On June 1, China will begin to implement its new Cybersecurity Law, and foreign companies are worried. China already restricts technology, and the new law will boost tighter control over data and enforce a broader definition of the services and products impacted. Firms are particularly concerned about one regulation that would require them to store information on mainland China, forcing them to rely on cloud providers such as Alibaba and Tencent, which have more local services, as opposed to offerings from Amazon or Microsoft.
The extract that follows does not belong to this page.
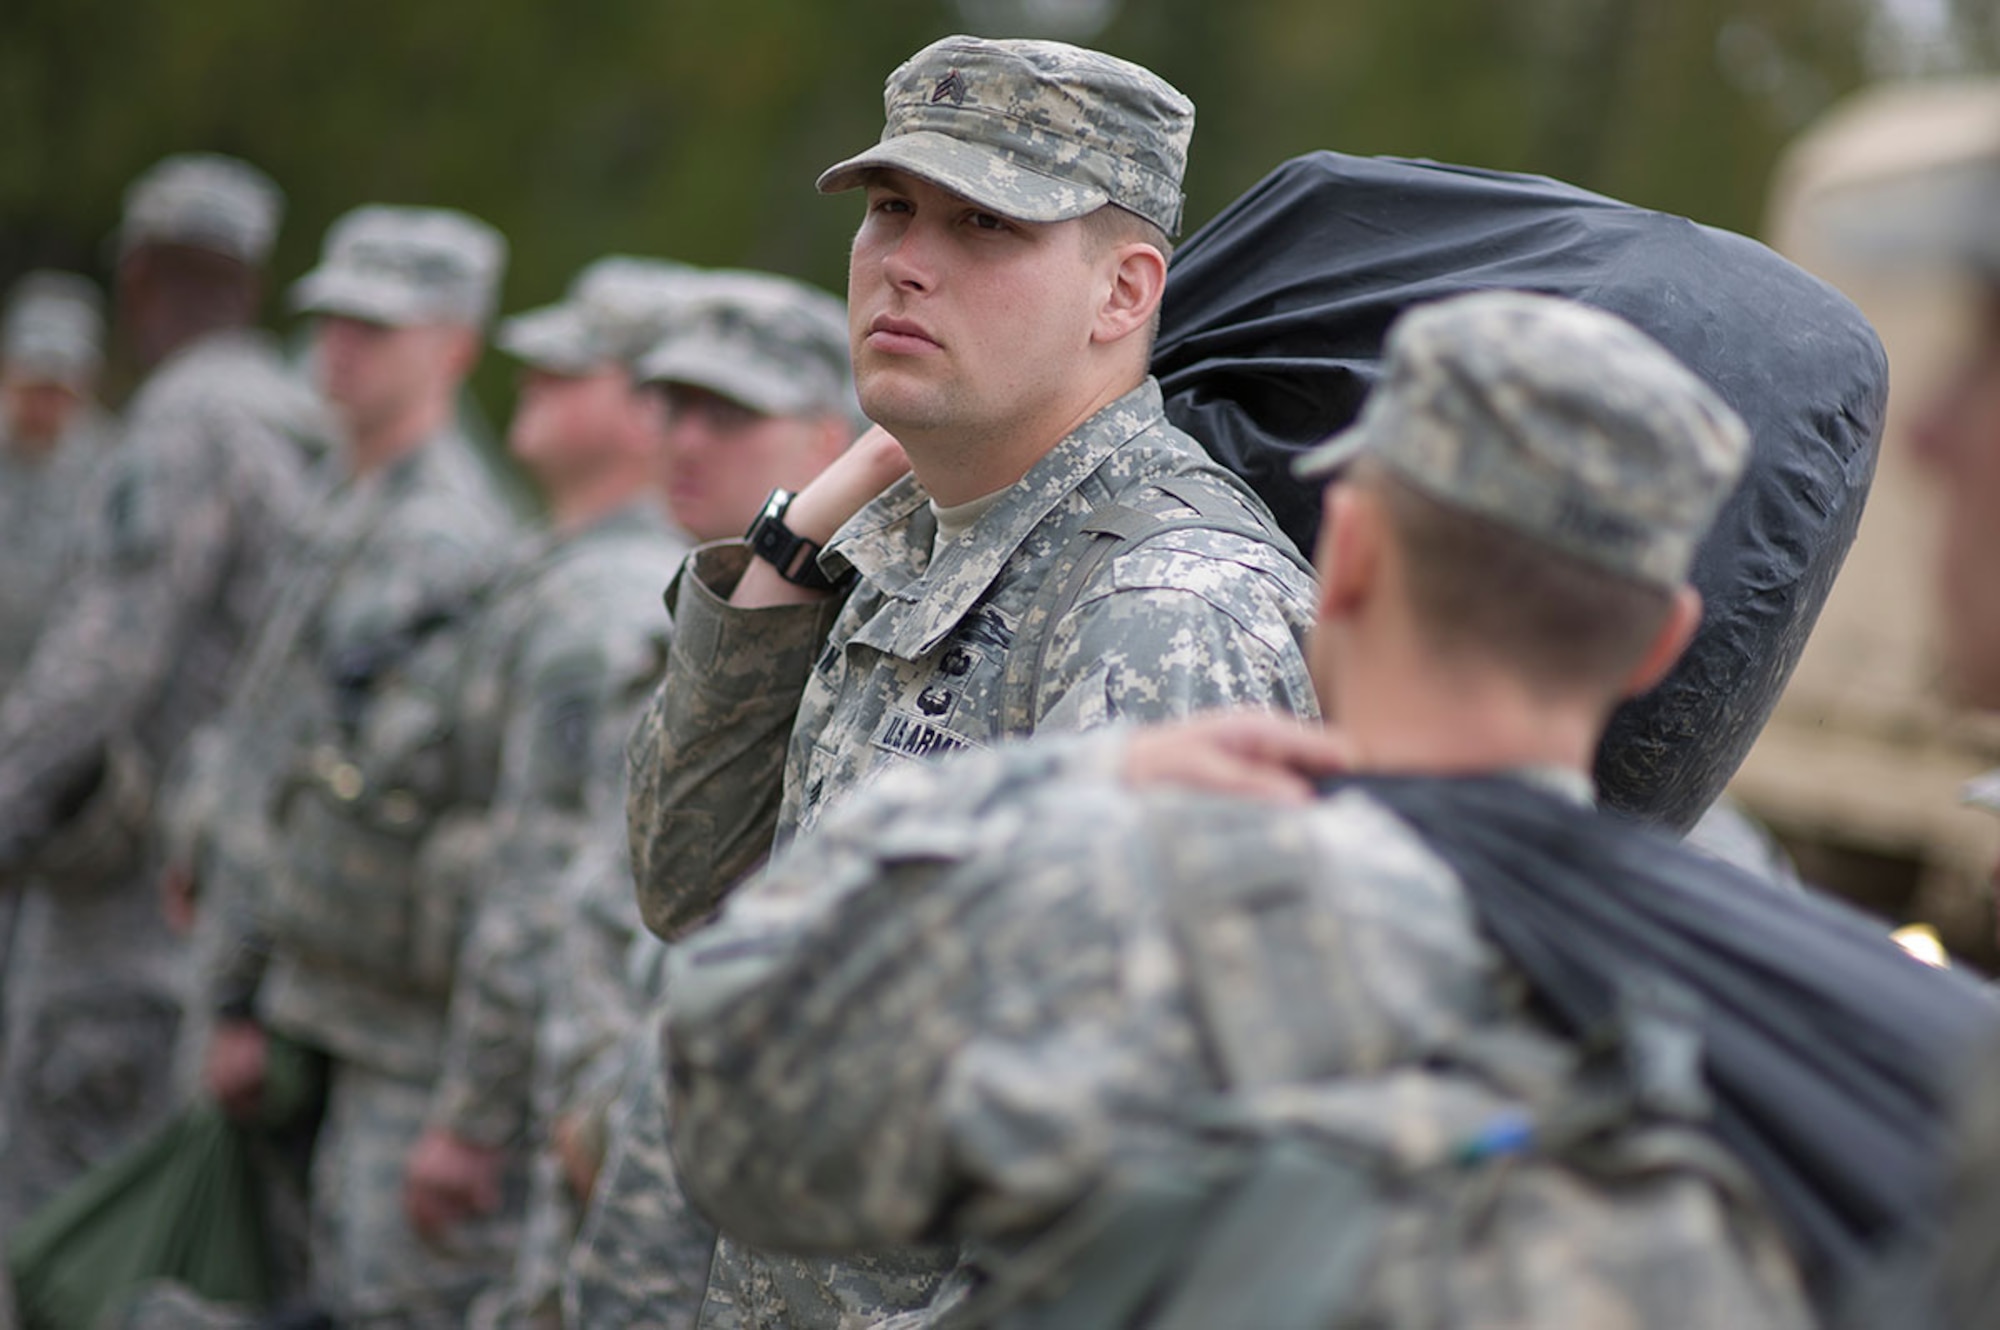 Army Sgt. Christopher Cureton, a native of Las Vegas, assigned to Deleware Company, 1st Battalion (Airborne), 501st Infantry Regiment, 4th Infantry Brigade Combat Team (Airborne), 25th Infantry Division, U.S. Army Alaska, stands in a formation awaiting instructions from cadre during Expert Infantryman Badge qualification on Joint Base Elmendorf-Richardson, Tuesday, Sept. 9, 2014. The Expert Infantryman Badge was approved by the Secretary of War on October 7, 1943, and is currently awarded to U.S. Army personnel who hold infantry or special forces military occupational specialties and successfully pass the rigors of the course. (U.S. Air Force photo/Justin Connaher)

Bloomberg reports that another provision is “a more comprehensive security-review process for key hardware and software deployed in China and a requirement to assist authorities conducting security investigations.” In a rare public response, more than 50 trade associations and chambers of commerce signed a letter asking for a delay, noting that the law “could impact billions of dollars of cross-border trade and lock out foreign cloud operators because of limits on how they operate in the country.”
“These measures will add costly burdens, restrict competition and may decrease the security of products and jeopardize the privacy of Chinese citizens,” stated the letter, from organizations “representing businesses based in the U.S., Europe, Japan, Korea, Australia, and elsewhere.” Domestically, Beijing University professor Li Yuxiao supports the law, saying that “secure information systems [are] integral to protecting the economy while also placing value on domestic operating systems over foreign products.”
Yet another provision “requires IT hardware and services to undergo inspection and verification as ‘secure and controllable’ before companies can deploy them in China,” which is “already tilting purchasing decisions at state-owned enterprises.”
While the new Cybersecurity Law impacts all companies in China, foreign firms are expected to feel the impact more, “because they typically have more businesses, headquarters and data-processing centers overseas with a greater need to move information outside the mainland,” said DLA Piper partner Scott Thiel.
“We can assume that Chinese leadership will use it as an example of why China needs its own technology and cannot continue to rely on foreign suppliers,” said Adam Segal, director of the Digital and Cyberspace Policy Program at the Council of Foreign Relations.